Many thanks to SWLing Post contributor, Patrick, who writes:
Many of us have more time during the holiday season to watch good old movies on either streaming services or just old-time DVD. My favourite pastime is to watch James Bond movies, based on the books by Ian Fleming. The iconic British agent in Her Majesty’s service offers insights to technical advancements in different areas.
The other night I was wondering if the fictional character was a licensed ham radio operator and a shortwave listener? First, let me say that he most likely had advanced techniques to master radio communications in several aspects, among them most likely amateur radio and listening to shortwave broadcasts.
In the first movie, Dr. No, (1962), the presence of ham radio or shortwave radio communications is most present, as noted by the SWLing Post blog and we can also get a glimpse of what could be the BBC Monitoring Station. The matter is also discussed by Dr. Bob Heil (K9EID) on YouTube:
But even in other James Bond movies there are different forms of radio communications. In the 1979 movie Moonraker, James Bond confronts the Dr. Holly Goodhead in Venice, Italy, by taking her purse at 01.12.15 in the movie and concludes in what seems to be a shortwave radio with morse that it is standard CIA equipment.

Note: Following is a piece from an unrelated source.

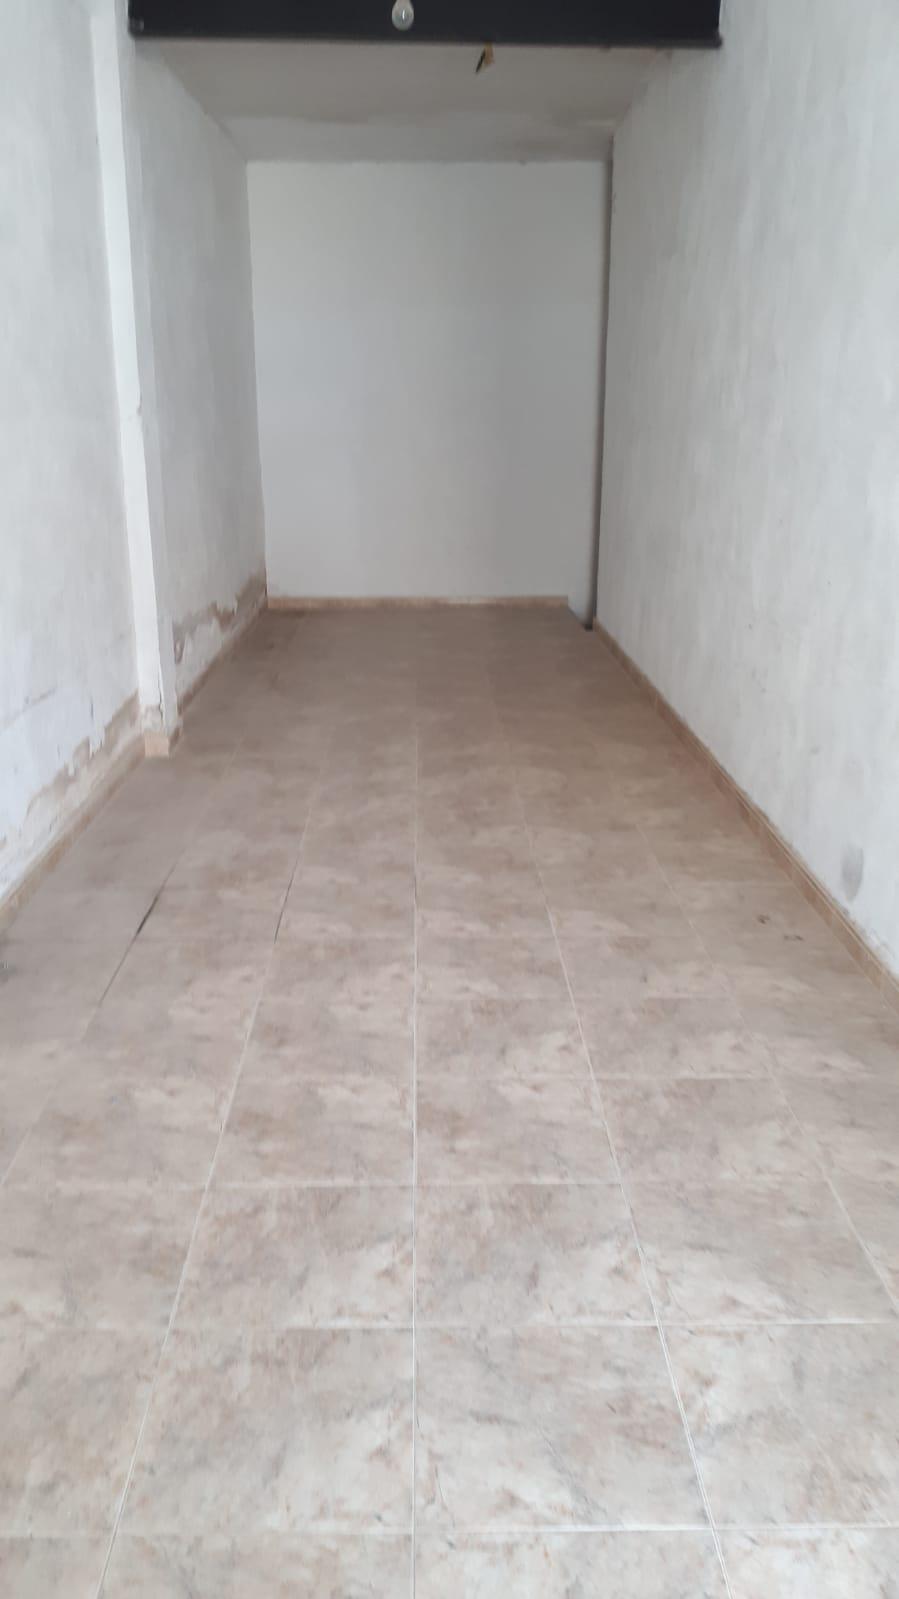 Piso en venta en Fuente Álamo de Murcia, Murcia, Avenida Príncipe de Asturias, 58.000 €, 4 habitaciones, 2 baños, 118 m2

As a commander in the Royal Navy, James Bond would know morse code as well as several aspects of shortwave band. Both at sea but also in his duties as a Secret Service agent operating abroad he most likely listened to BBC World Service and British military radio stations, numbers stations among them, Although we do not know if he carry with him a shortwave receiver or a very small shortwave transceiver. The innovative character of Q probably equipped him with the latest technology.
In the opening scenes of the 1985 movie A View To A Kill James Bond traced a signal with a gadget that looks like a typical yellow Sony Walkman and in the movie The Spy Who Loved me (1977) James Bond receives a message on his watch what seems to be a tape coming out from the watch, telling him to contact the Headquarters.
In the movie Thunderball (1965) at 00.56 James Bond enters a room where a radio operator listening till BBC Overseas programme is listening to a news bulletin with a coded message that Big Ben had strike seven times at six o’clock.
This is fun, Patrick–thanks so much for sharing! Without a doubt, in real life, Cold War era spies used the shortwaves heavily for both receiving and sending coded messages. Indeed, we believe foreign operatives still use the services of numbers stations.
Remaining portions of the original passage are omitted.